[[ Dataset excerpts open ]]

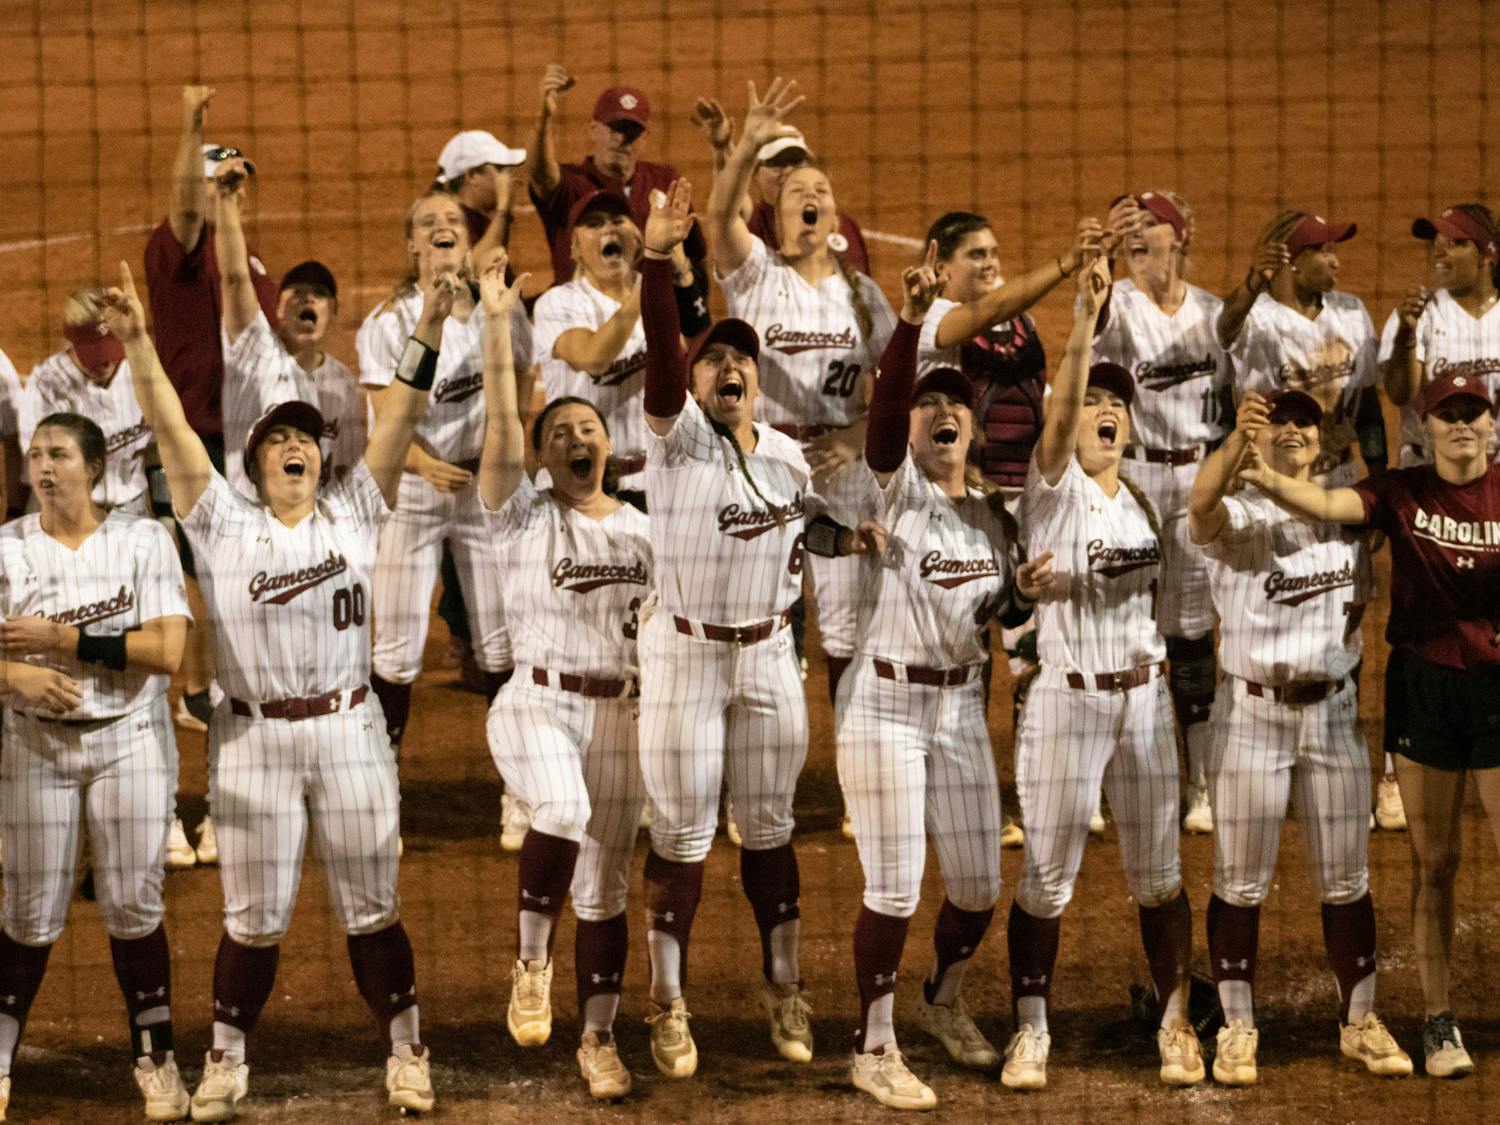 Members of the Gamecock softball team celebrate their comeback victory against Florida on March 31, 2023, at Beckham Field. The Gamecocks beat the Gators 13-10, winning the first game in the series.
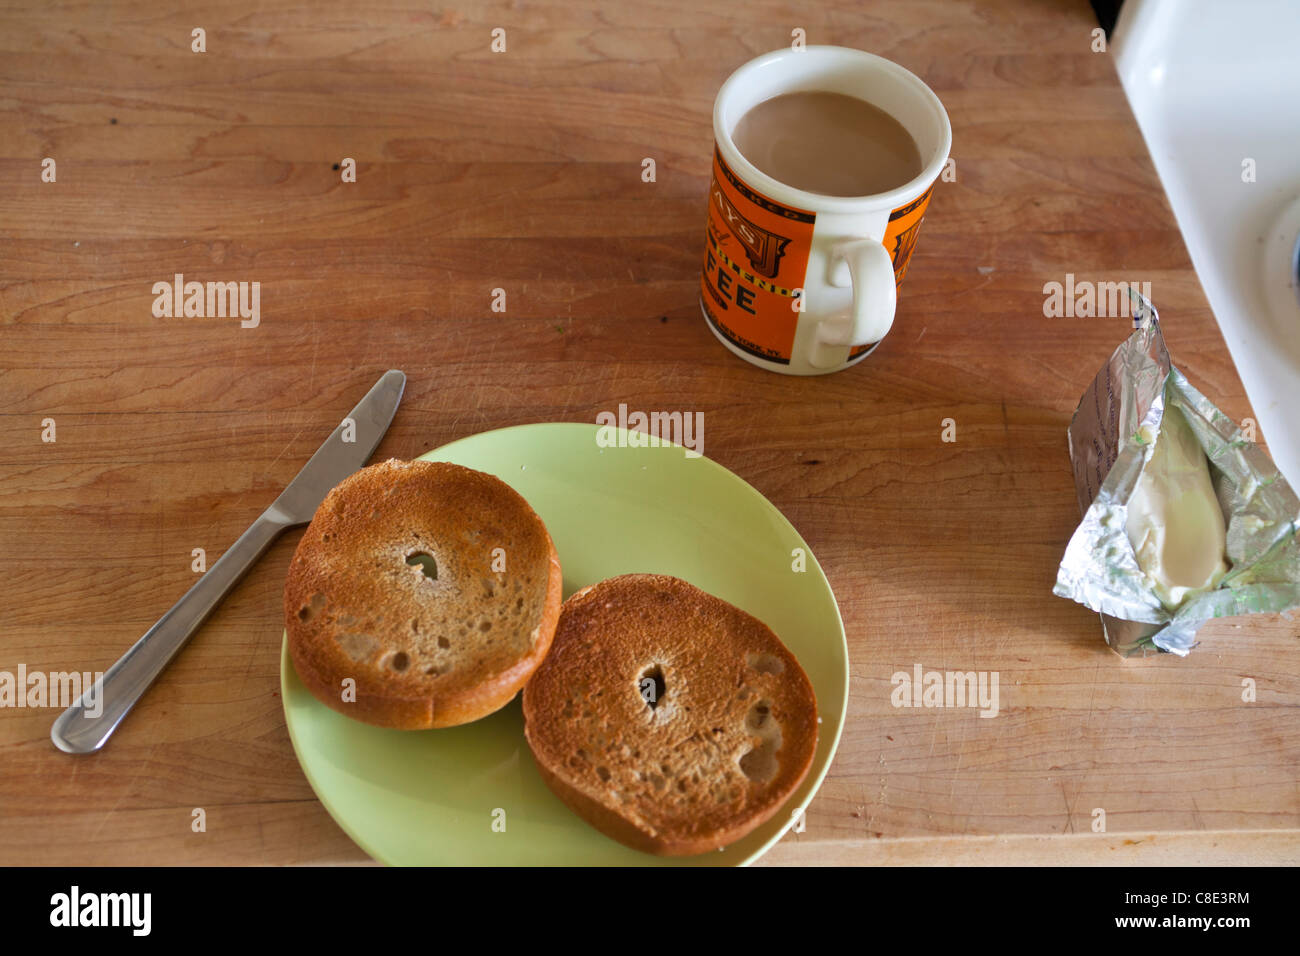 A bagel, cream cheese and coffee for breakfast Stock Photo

[[ Dataset excerpts closed ]]
[[ Dataset excerpts open ]]

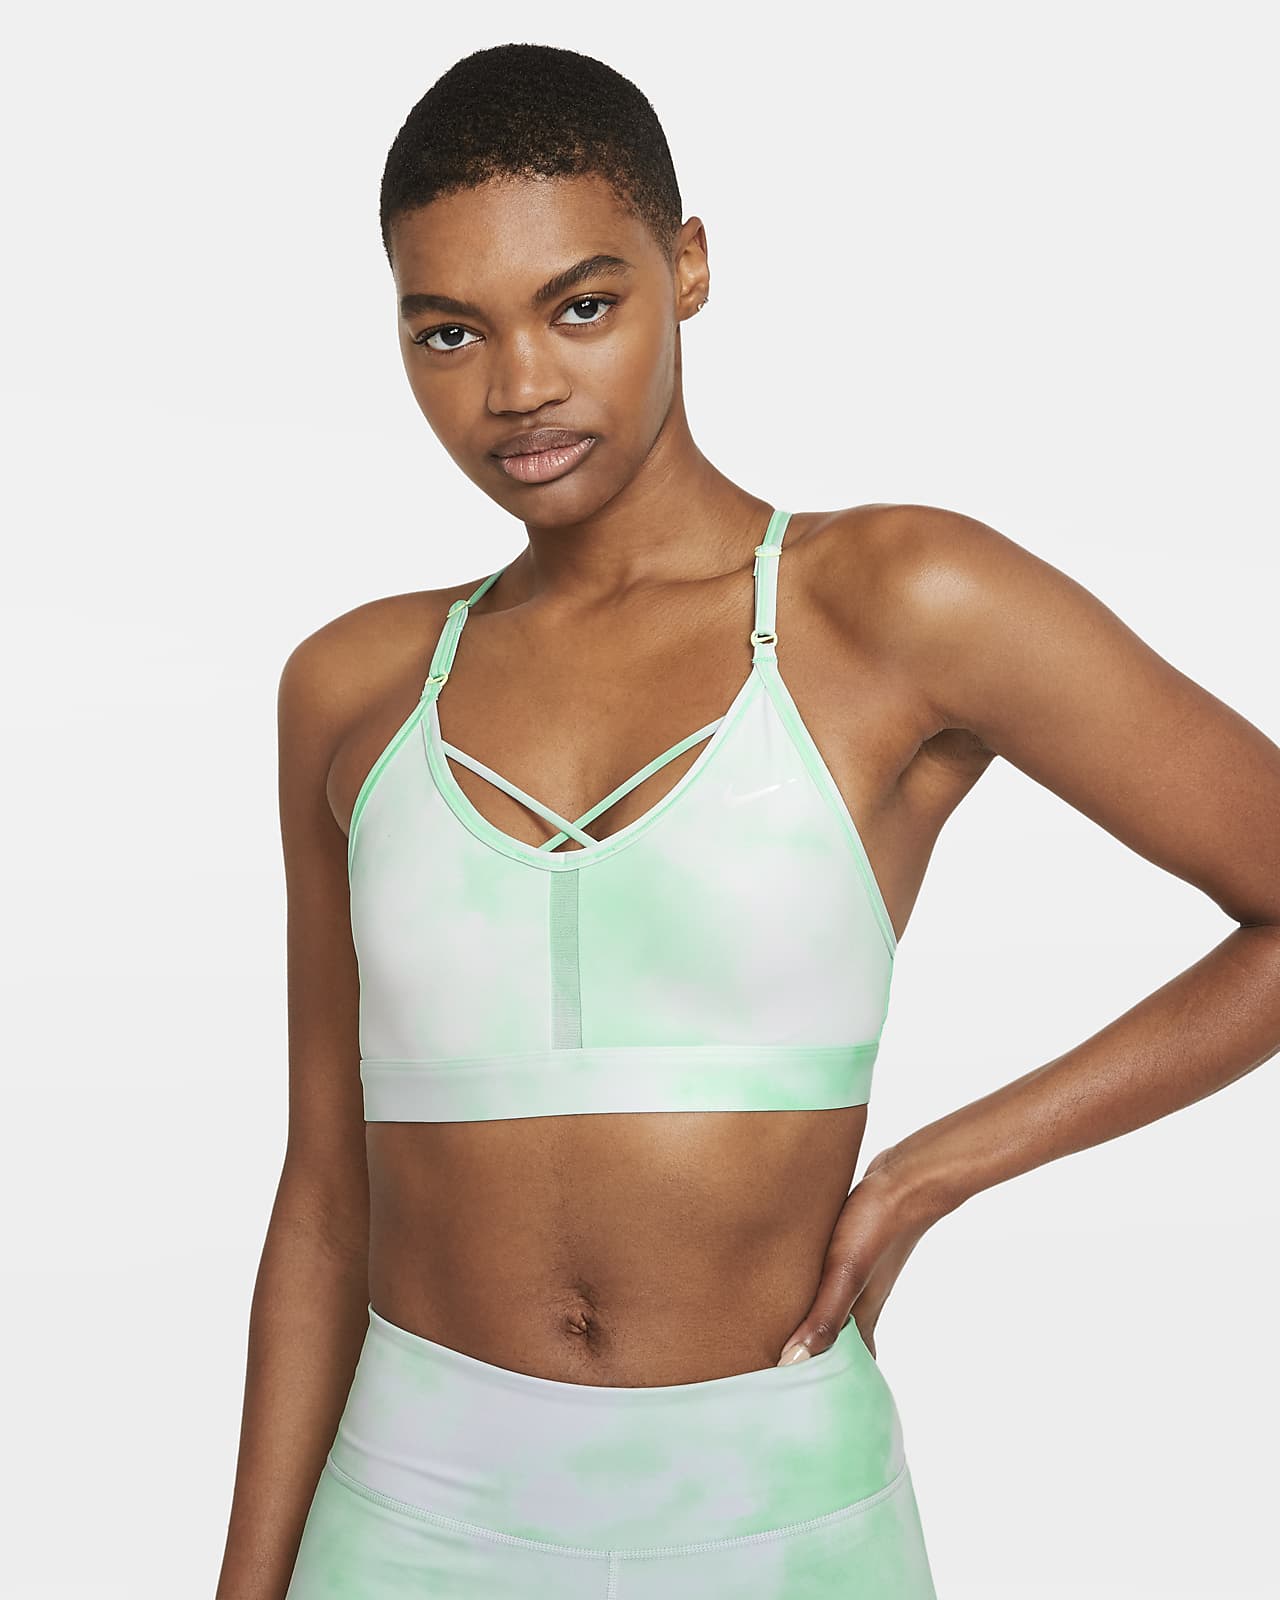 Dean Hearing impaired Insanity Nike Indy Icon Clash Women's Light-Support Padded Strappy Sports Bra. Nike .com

[[ Dataset excerpts closed ]]

▶ [Work to complete] In the listing above, find the line containing "Members of the" and the line containing "A bagel, cream"; print those lines and every line between them exactly, leaving out pictures.

▶ [Finished exercise]
 Members of the Gamecock softball team celebrate their comeback victory against Florida on March 31, 2023, at Beckham Field. The Gamecocks beat the Gators 13-10, winning the first game in the series.
 A bagel, cream cheese and coffee for breakfast Stock Photo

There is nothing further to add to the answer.